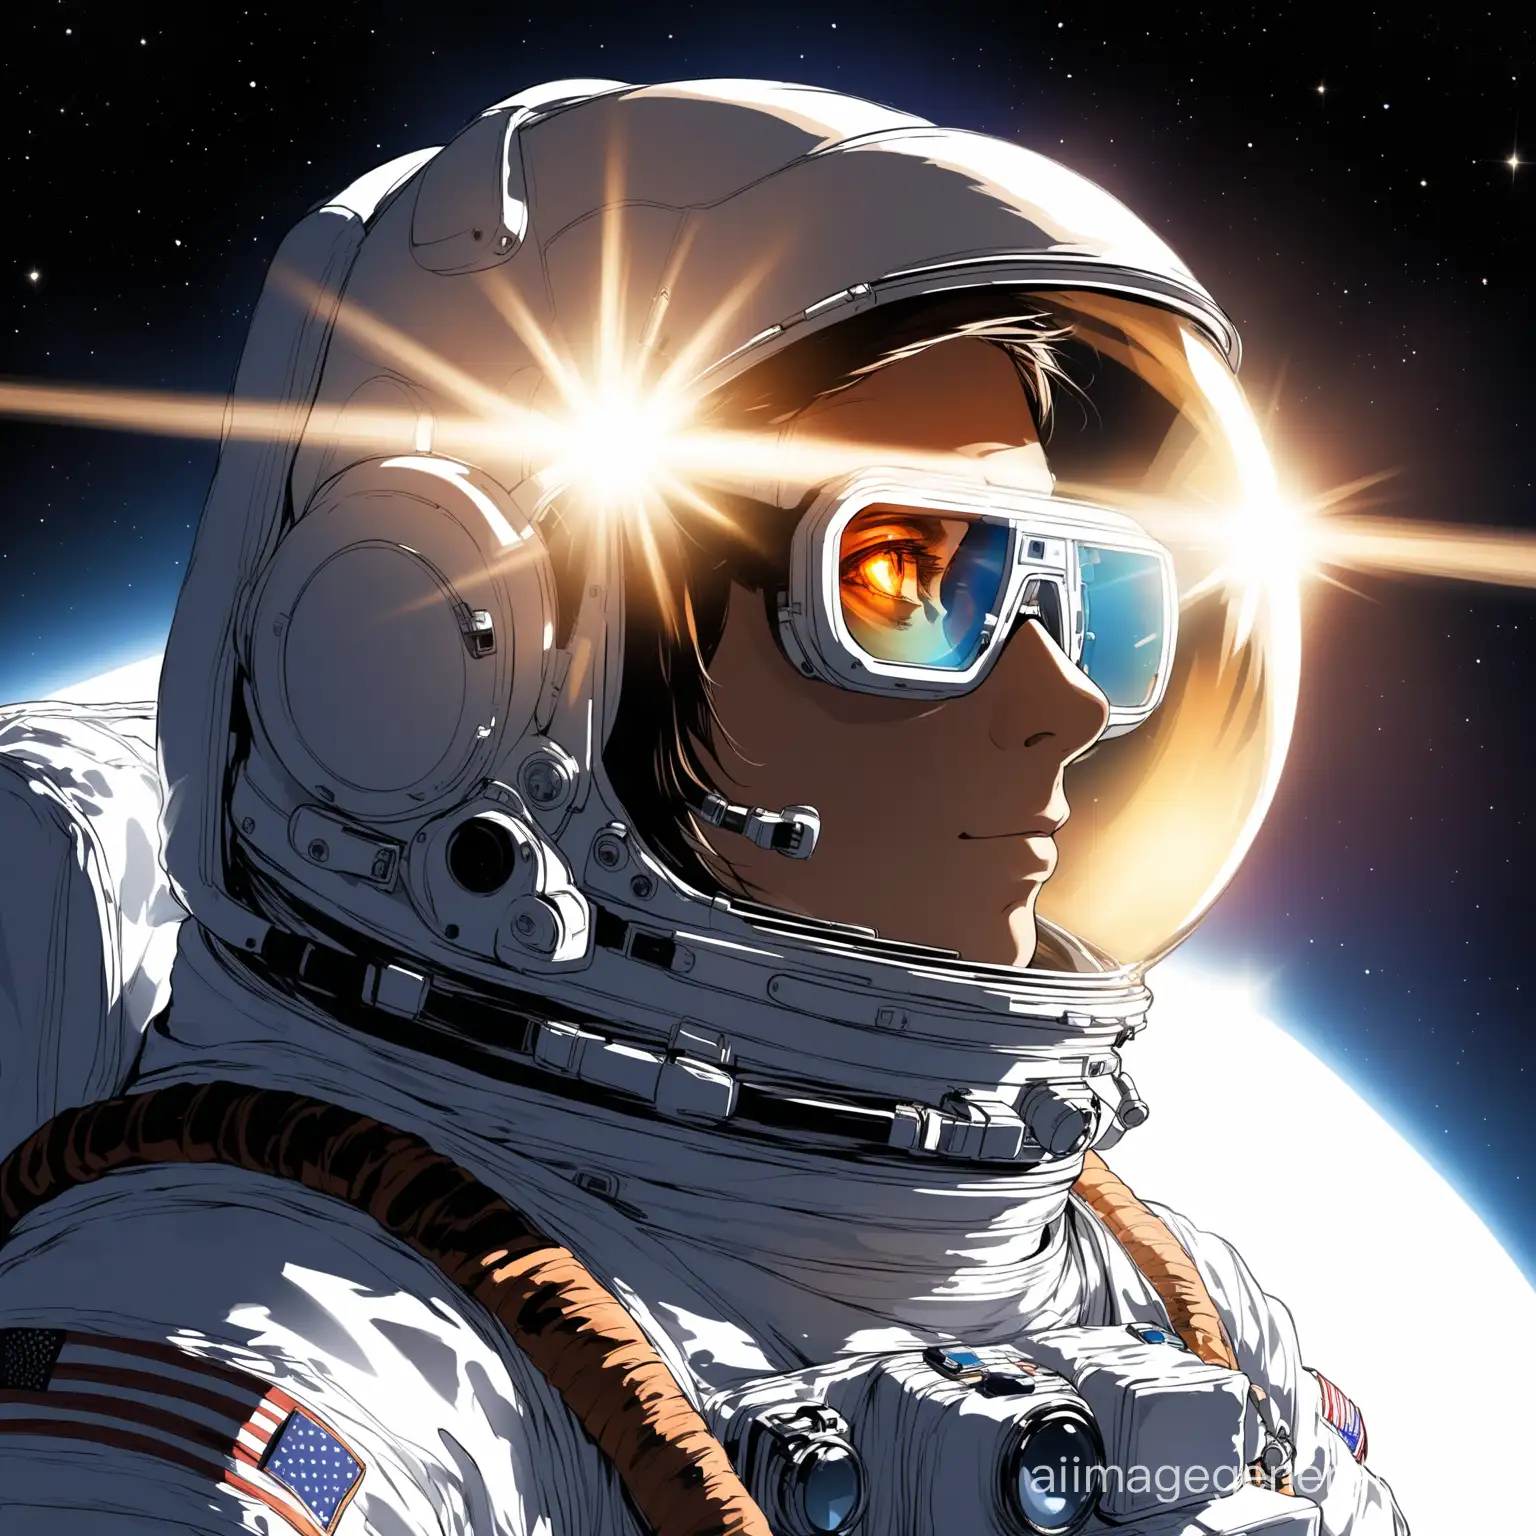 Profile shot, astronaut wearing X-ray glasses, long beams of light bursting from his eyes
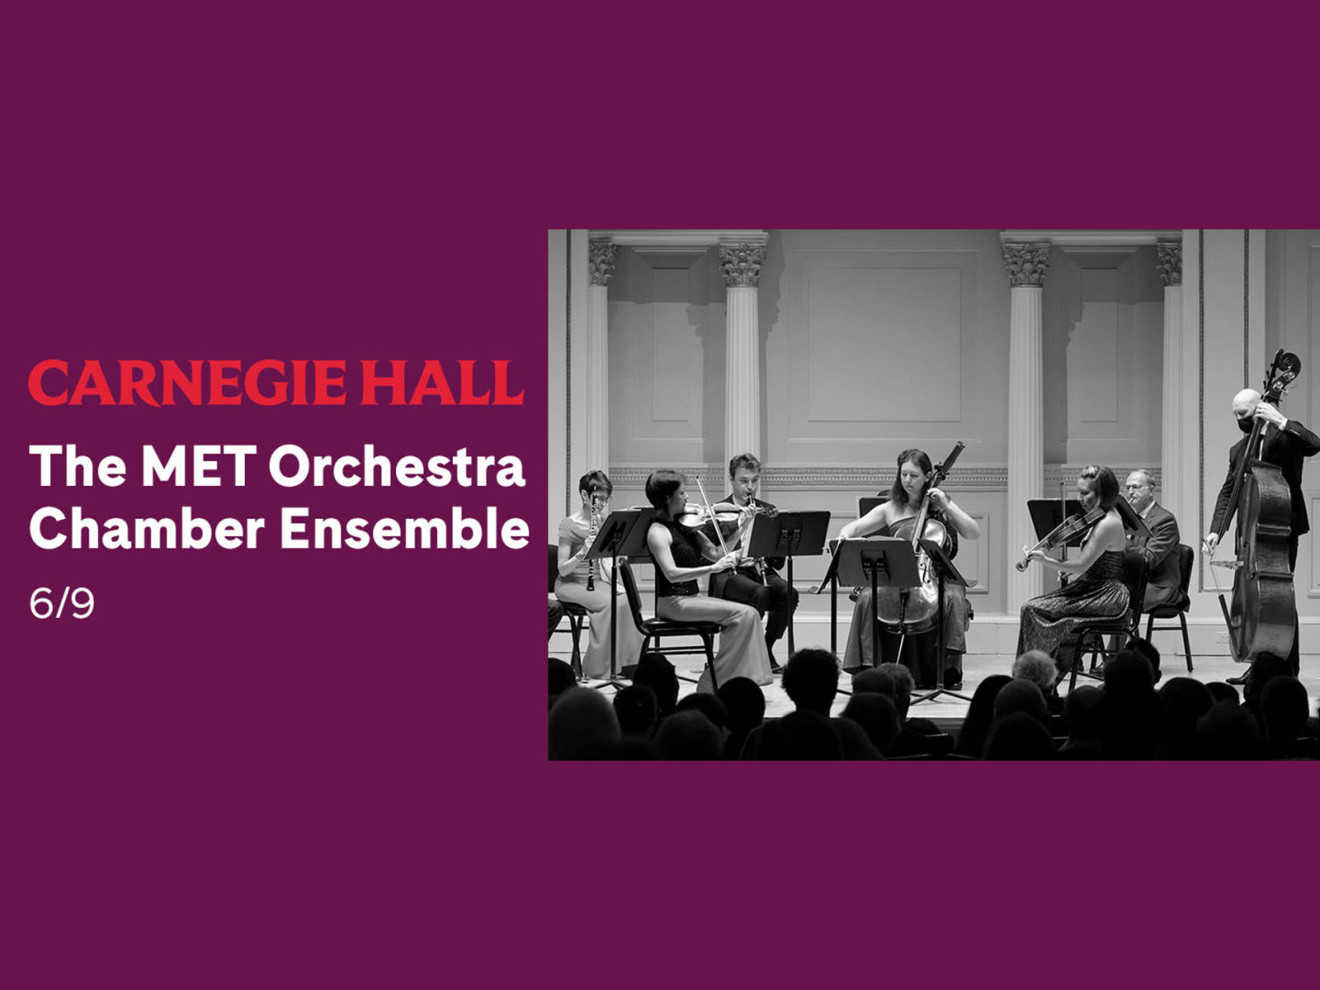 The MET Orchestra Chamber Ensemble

--

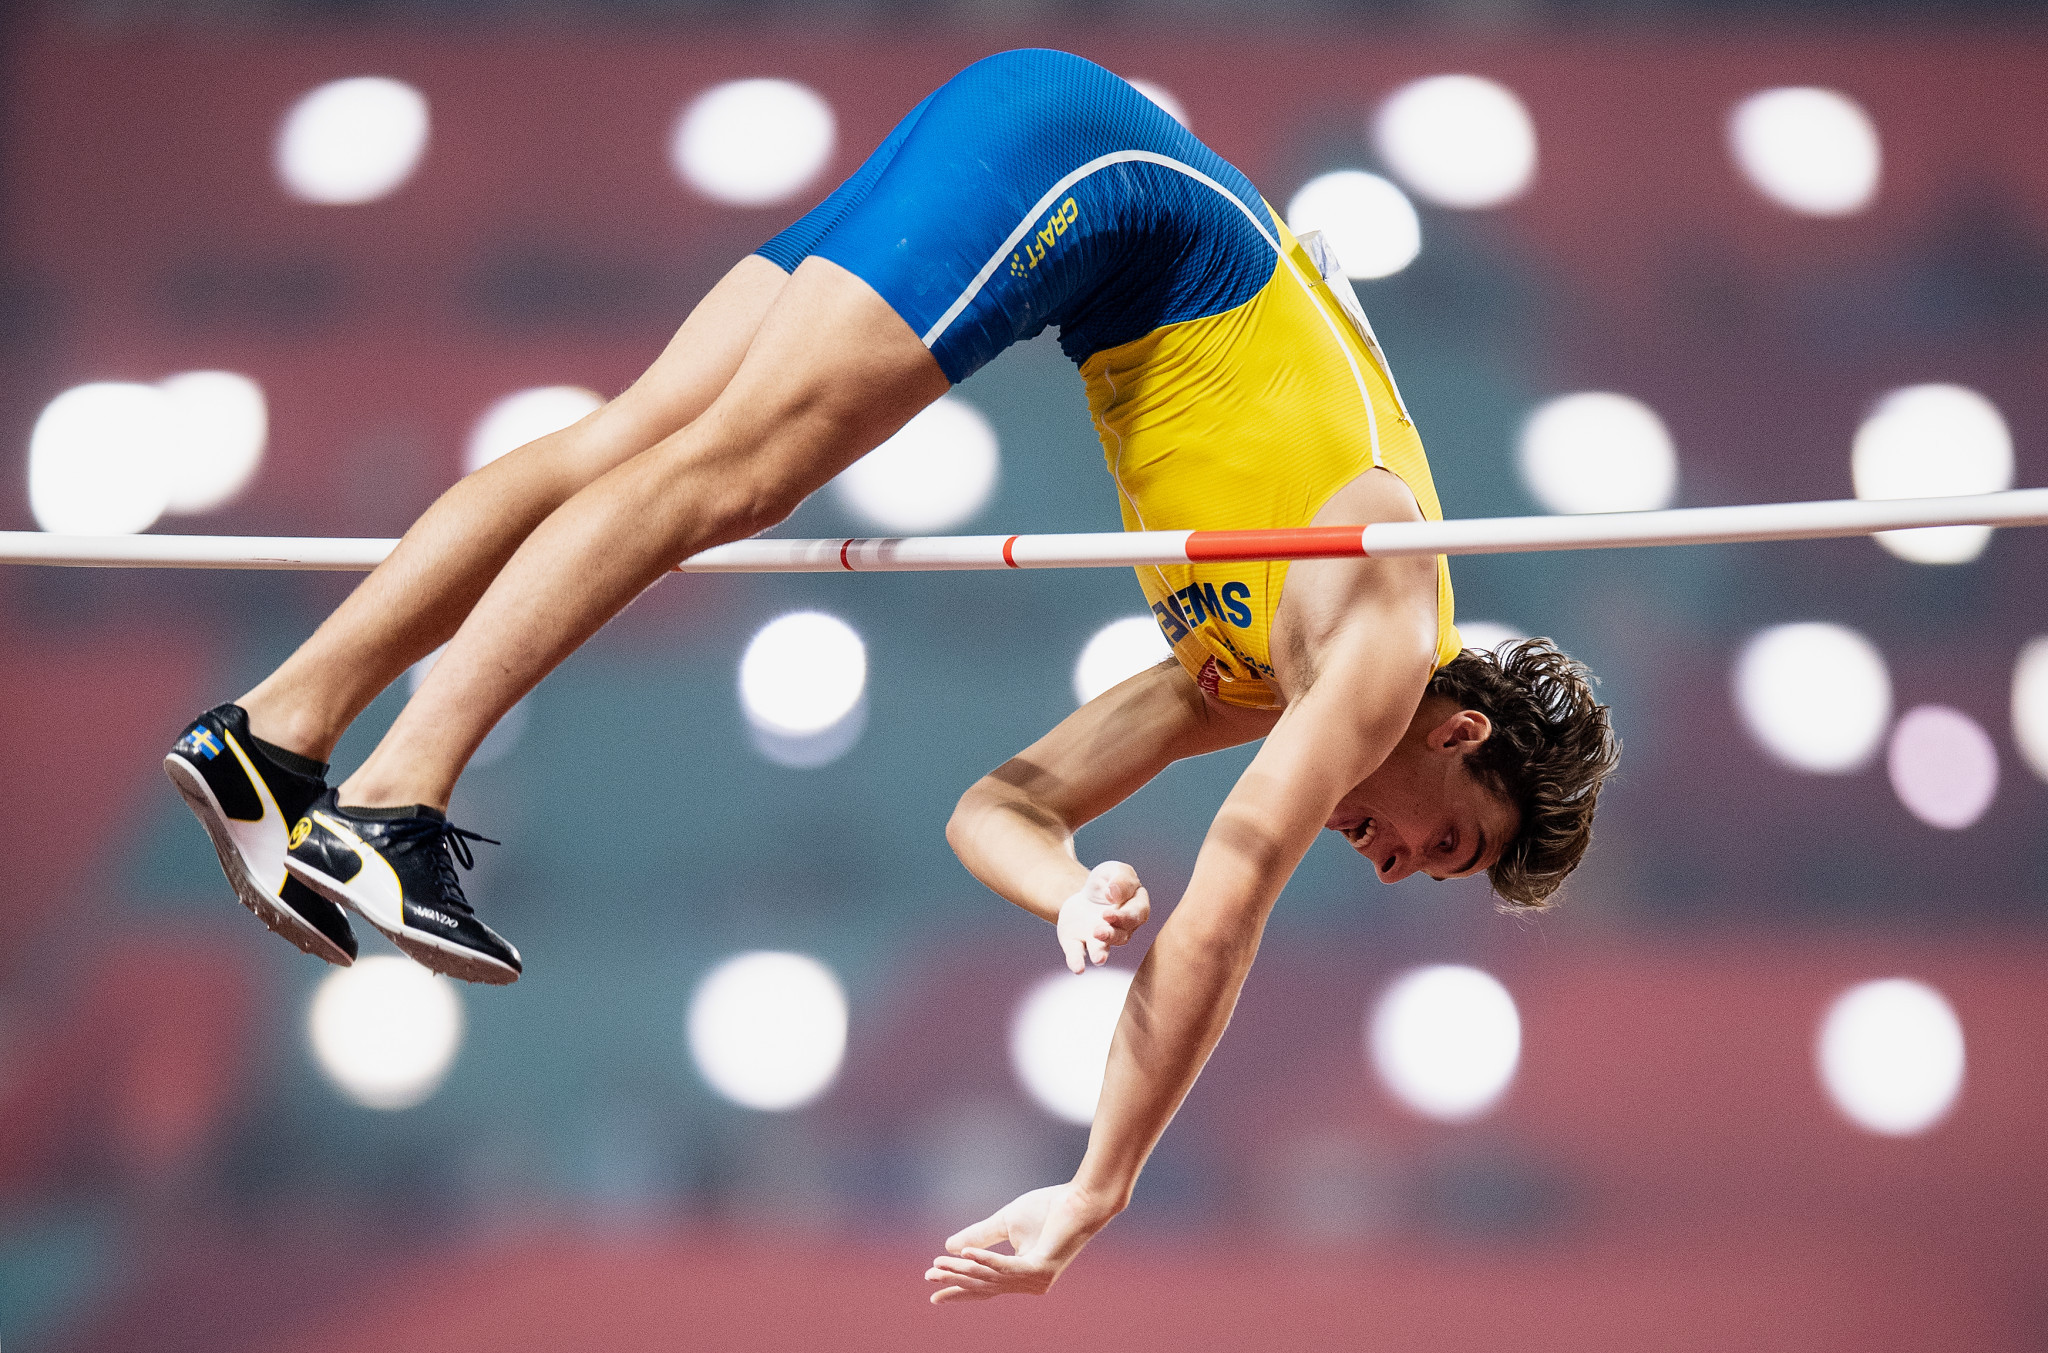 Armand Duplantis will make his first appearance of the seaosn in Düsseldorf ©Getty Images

**ASSIGNMENT**
What belongs in the answer is each line above from the line with "Profile shot, astronaut" to the line with "The MET Orchestra Chamber Ensemble", inclusive, reproduced exactly and free of pictures.

**ANSWER TO THIS PROBLEM**
 Profile shot, astronaut wearing X-ray glasses, long beams of light bursting from his eyes
 The MET Orchestra Chamber Ensemble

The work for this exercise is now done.